Photo by Johanna Vogt on Unsplash

How forte or piano you play, loud or soft and all the dynamics in between, above and below. In music these terms are relative as we know. Relative to the instrument, to the piece, to the room or hall we are performing in, even to the piece we are playing. Piano can mean soft, or restrained, or gently and depending on the phrase and the era of the composition the intention of our soft playing will be different.

Perhaps it is more evident to try with forte which depending the context it might mean or strong, with force, heavy…

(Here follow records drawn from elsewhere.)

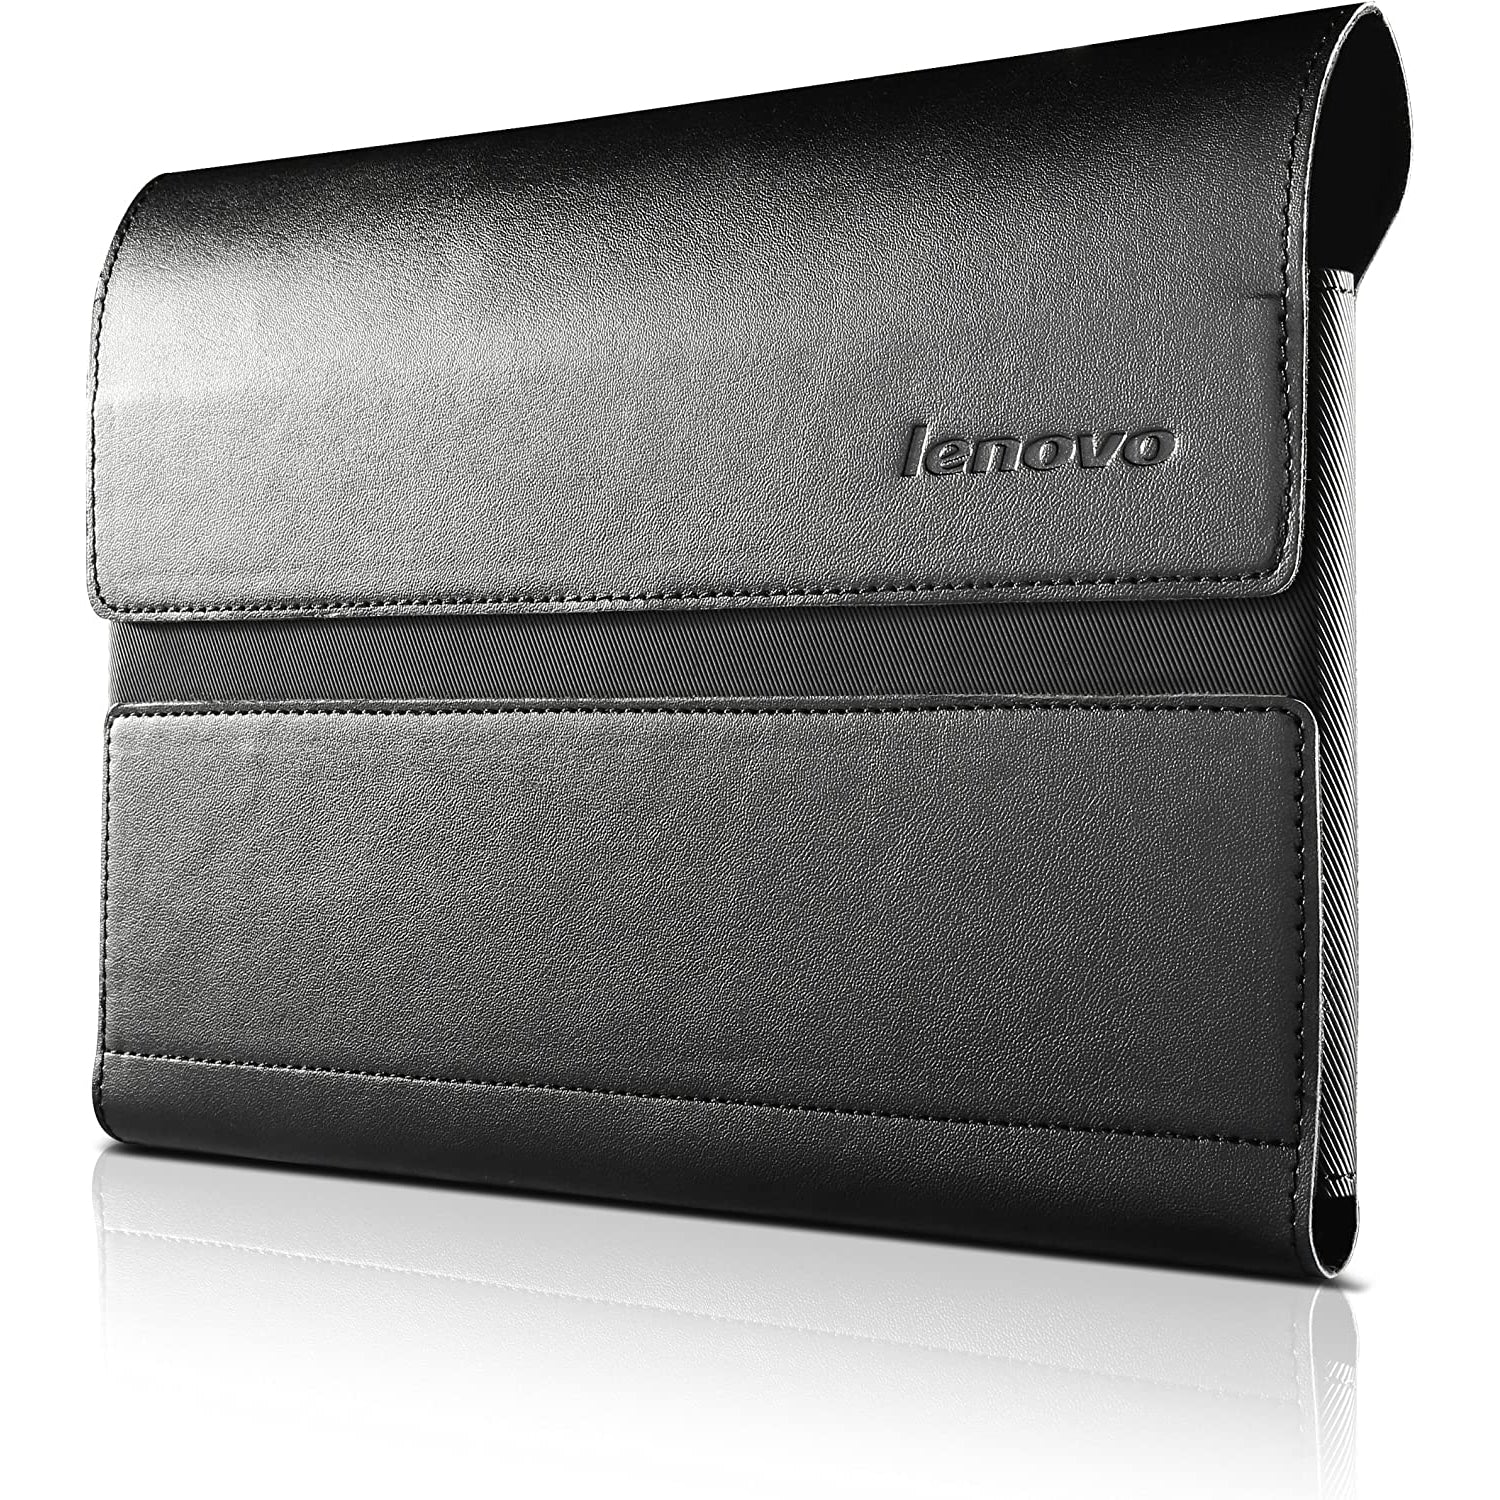 Lenovo Sleeve and Film for 8 inch Yoga Tablet - Black - Refurbished Excellent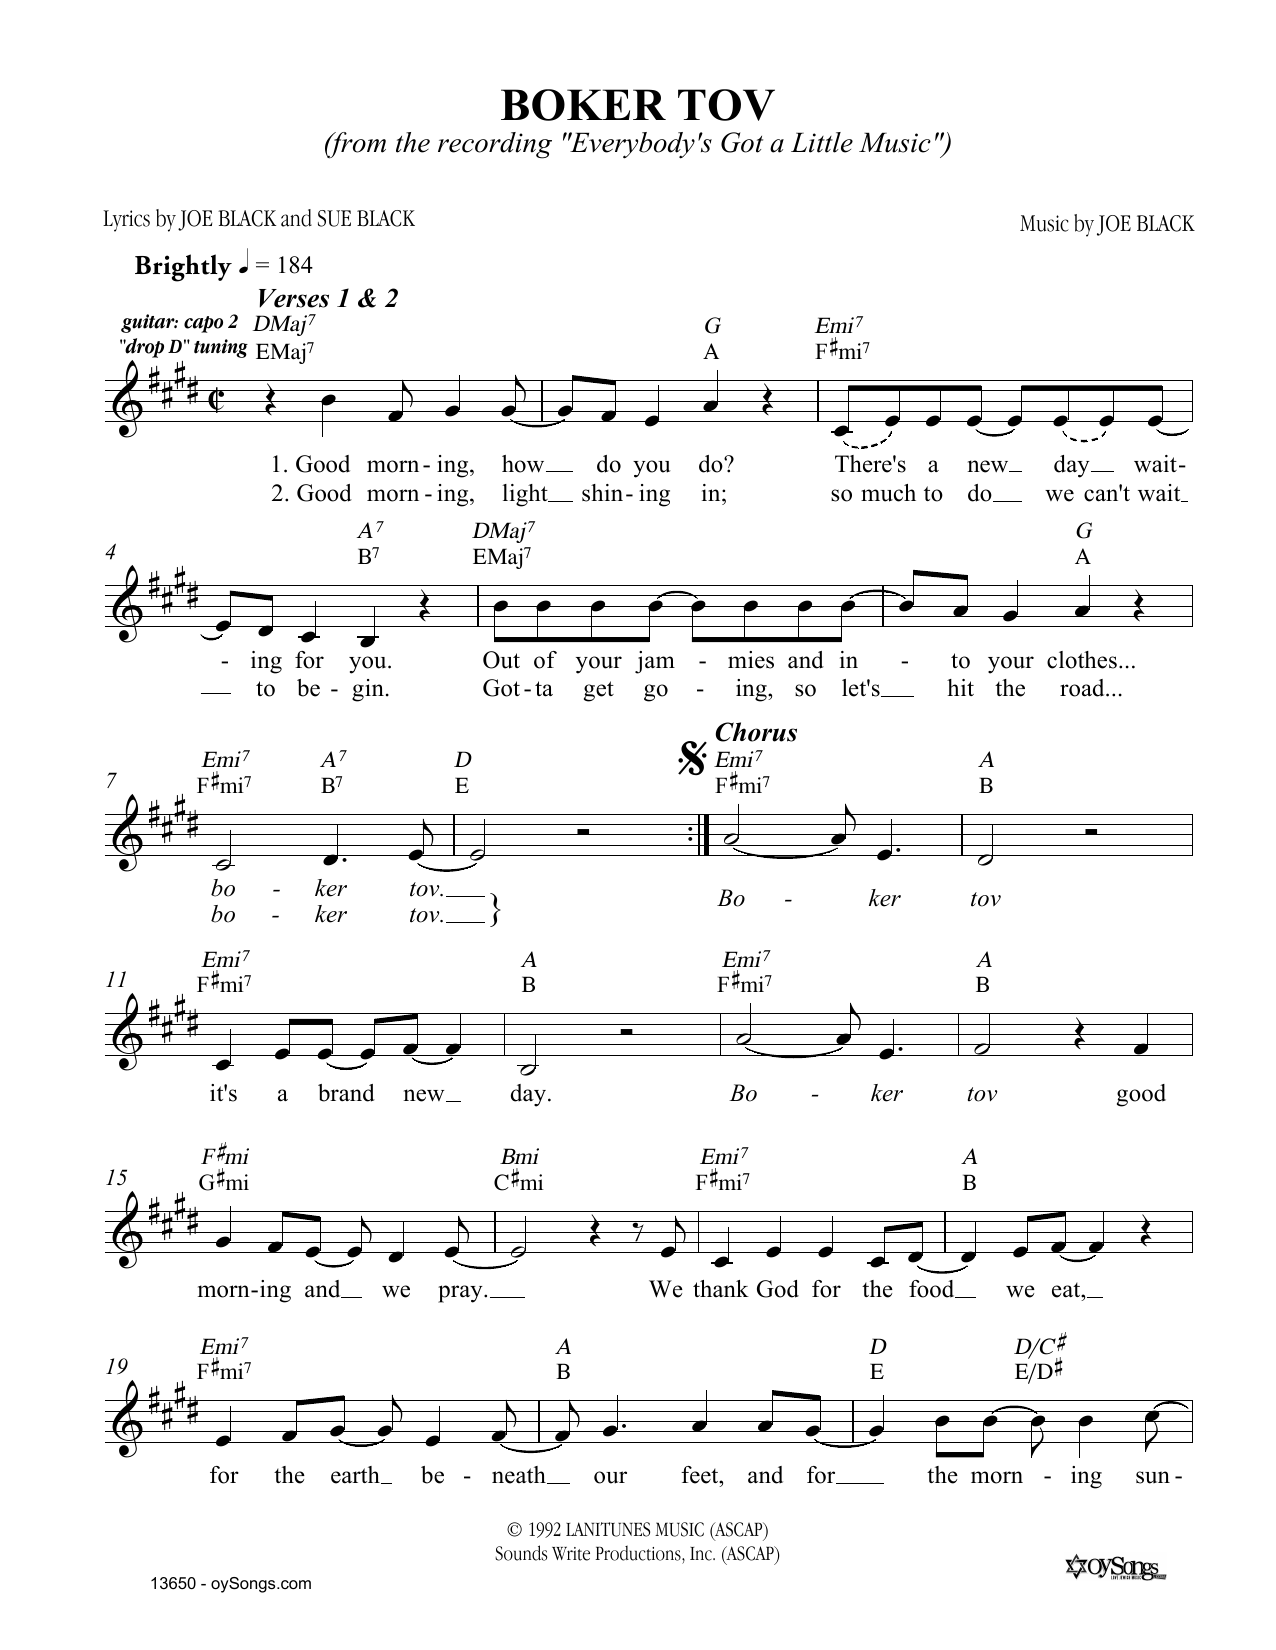 Joe Black Boker Tov Sheet Music Notes & Chords for Melody Line, Lyrics & Chords - Download or Print PDF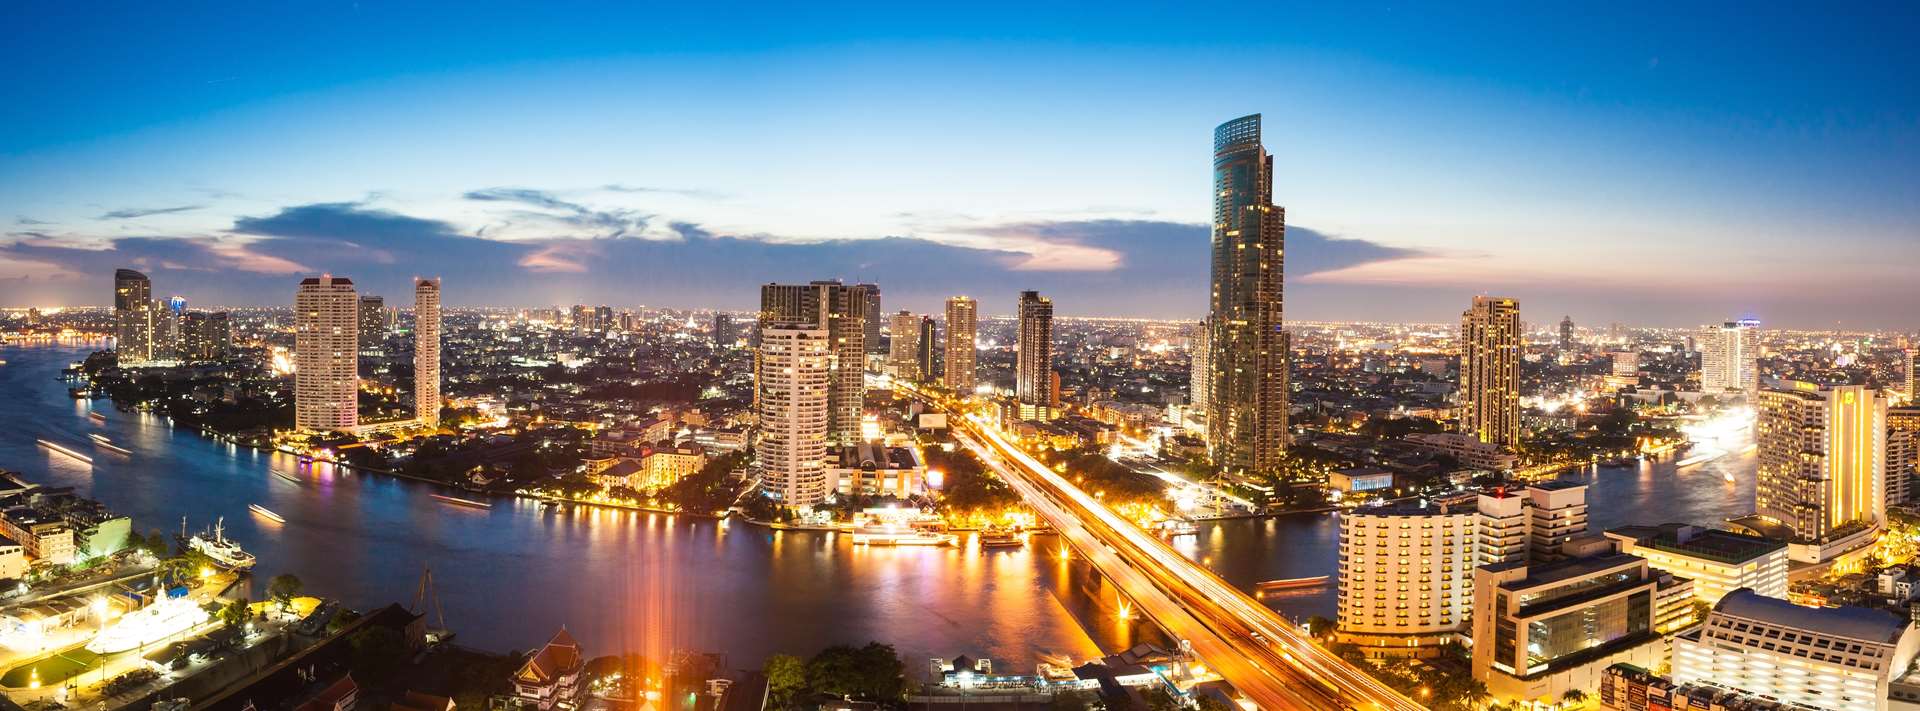 Cheap flights to Bangkok from £348 | Netflights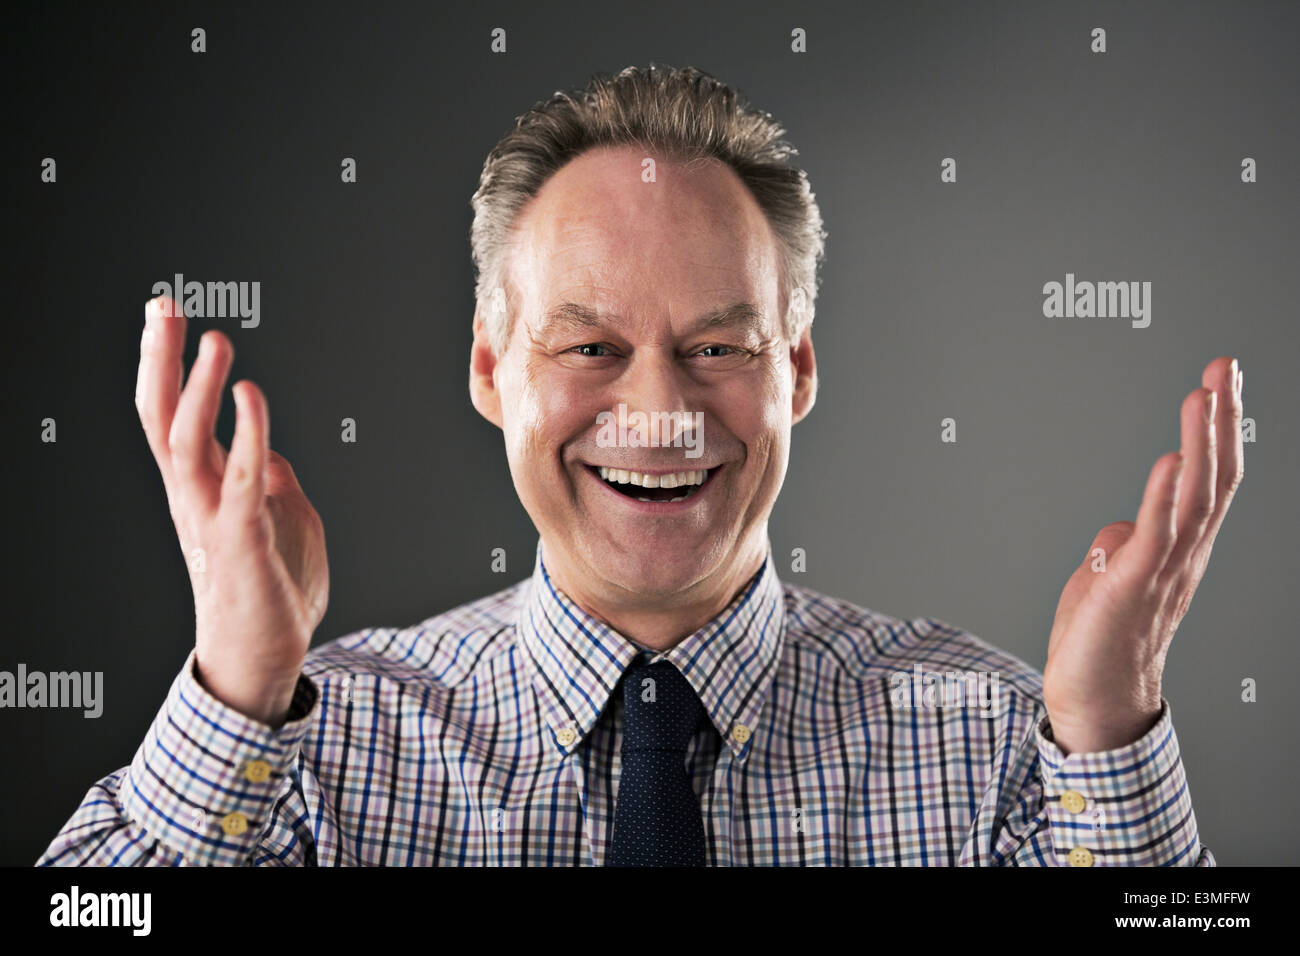 Portrait of smiling businessman gesturing Stock Photo

There is game where you have to say the same phrase in as many ways as you can think of. Find a small passage from what you are practicing right now and play it forte. Now, continue playing f but change your intention playing it with force, heavy, punchy, with nerve. How would your angry self say it and how would your calm self say it but keeping it loud and the same tempo. The changes might be very small but audible. It will help if you mimiced some thing or some one, like an animal, a neighbour or the sea. This is one of the attributes of playing an acoustic instrument or writing for acoustic instruments. There is the powerful tool of intent that gives character to the music.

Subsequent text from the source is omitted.